### Instructions for the task
The listing below holds a line with "green plant near glass window" and a line with "Grey 3PCS Drawer". Reproduce those two lines exactly, plus everything between them.

### Task data
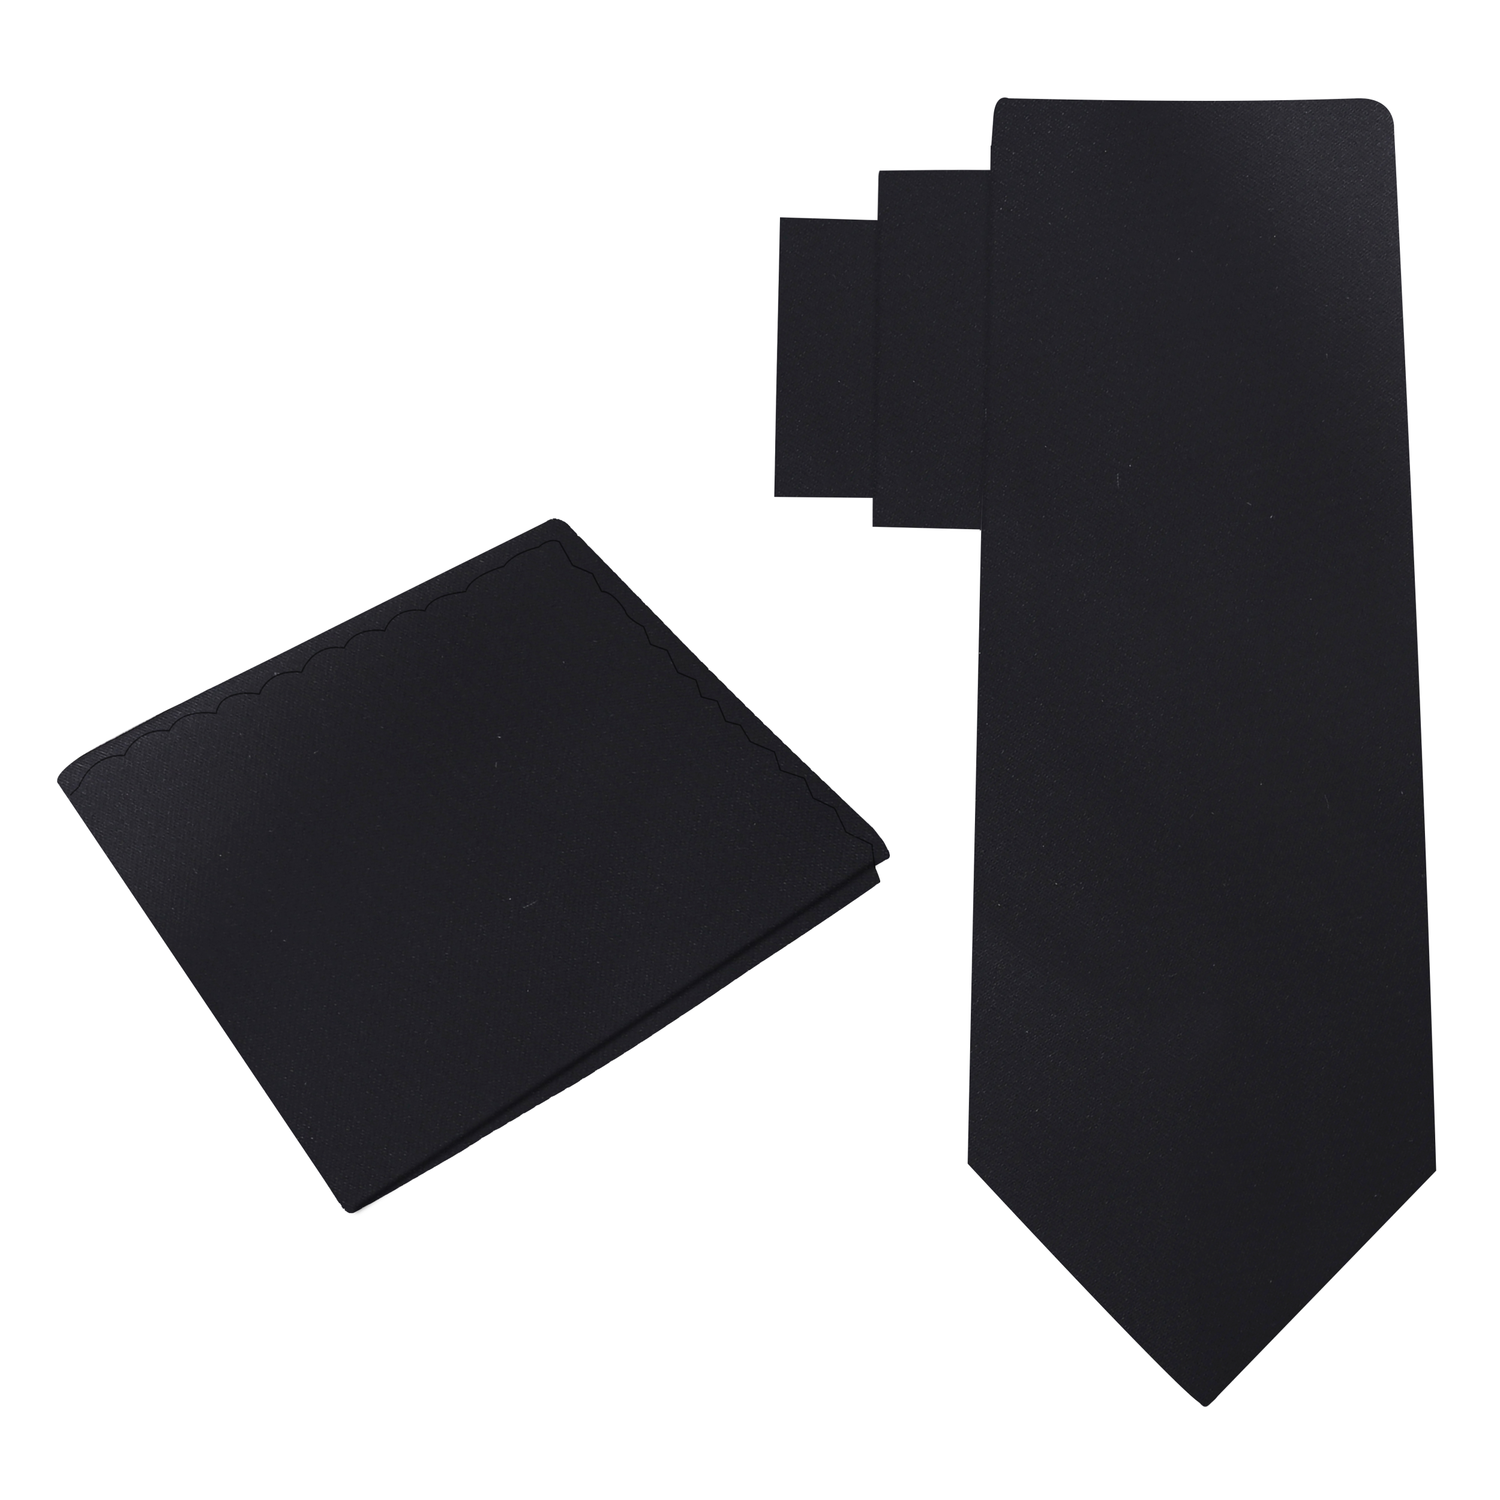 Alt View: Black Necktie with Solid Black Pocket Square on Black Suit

* * *

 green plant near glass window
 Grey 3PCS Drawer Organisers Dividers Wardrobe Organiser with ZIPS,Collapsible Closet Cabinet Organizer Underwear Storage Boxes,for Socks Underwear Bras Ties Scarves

==

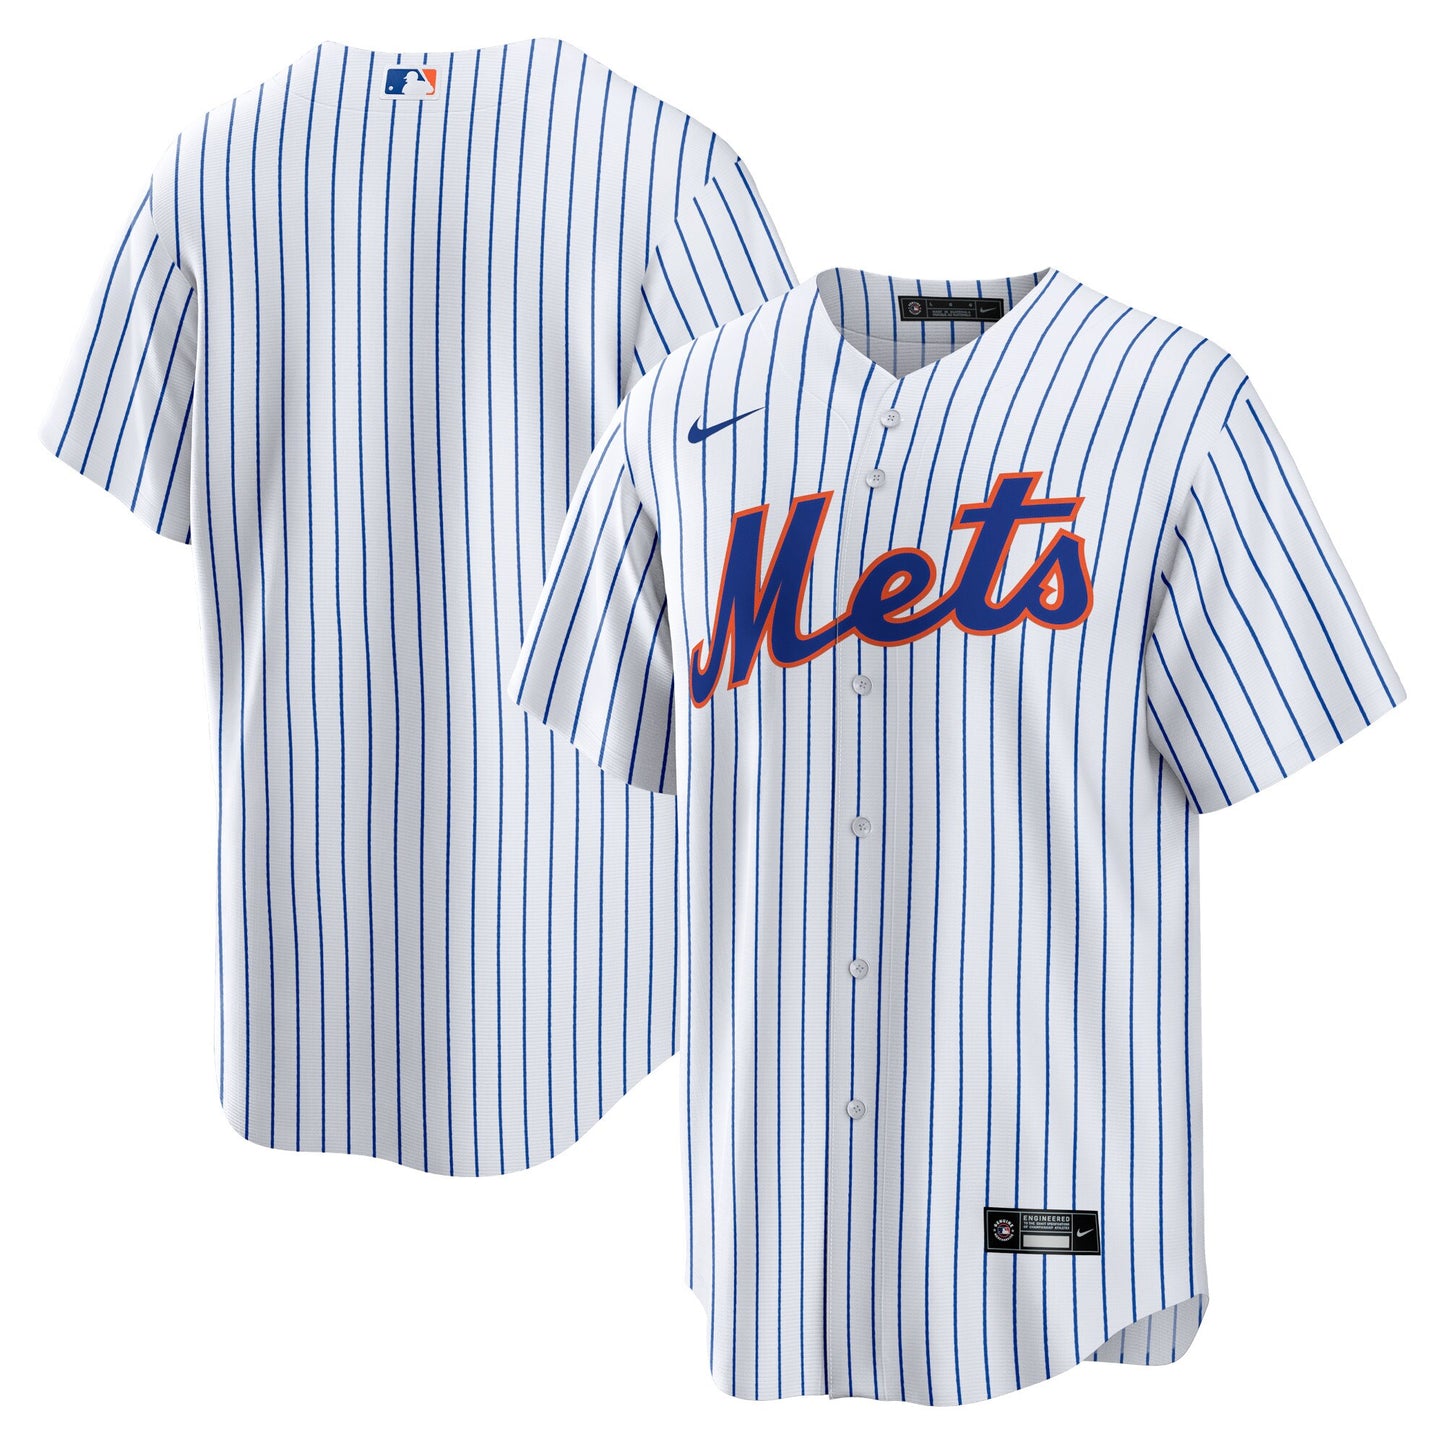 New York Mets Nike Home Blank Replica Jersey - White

### Task answer
 green plant near glass window
 Grey 3PCS Drawer Organisers Dividers Wardrobe Organiser with ZIPS,Collapsible Closet Cabinet Organizer Underwear Storage Boxes,for Socks Underwear Bras Ties Scarves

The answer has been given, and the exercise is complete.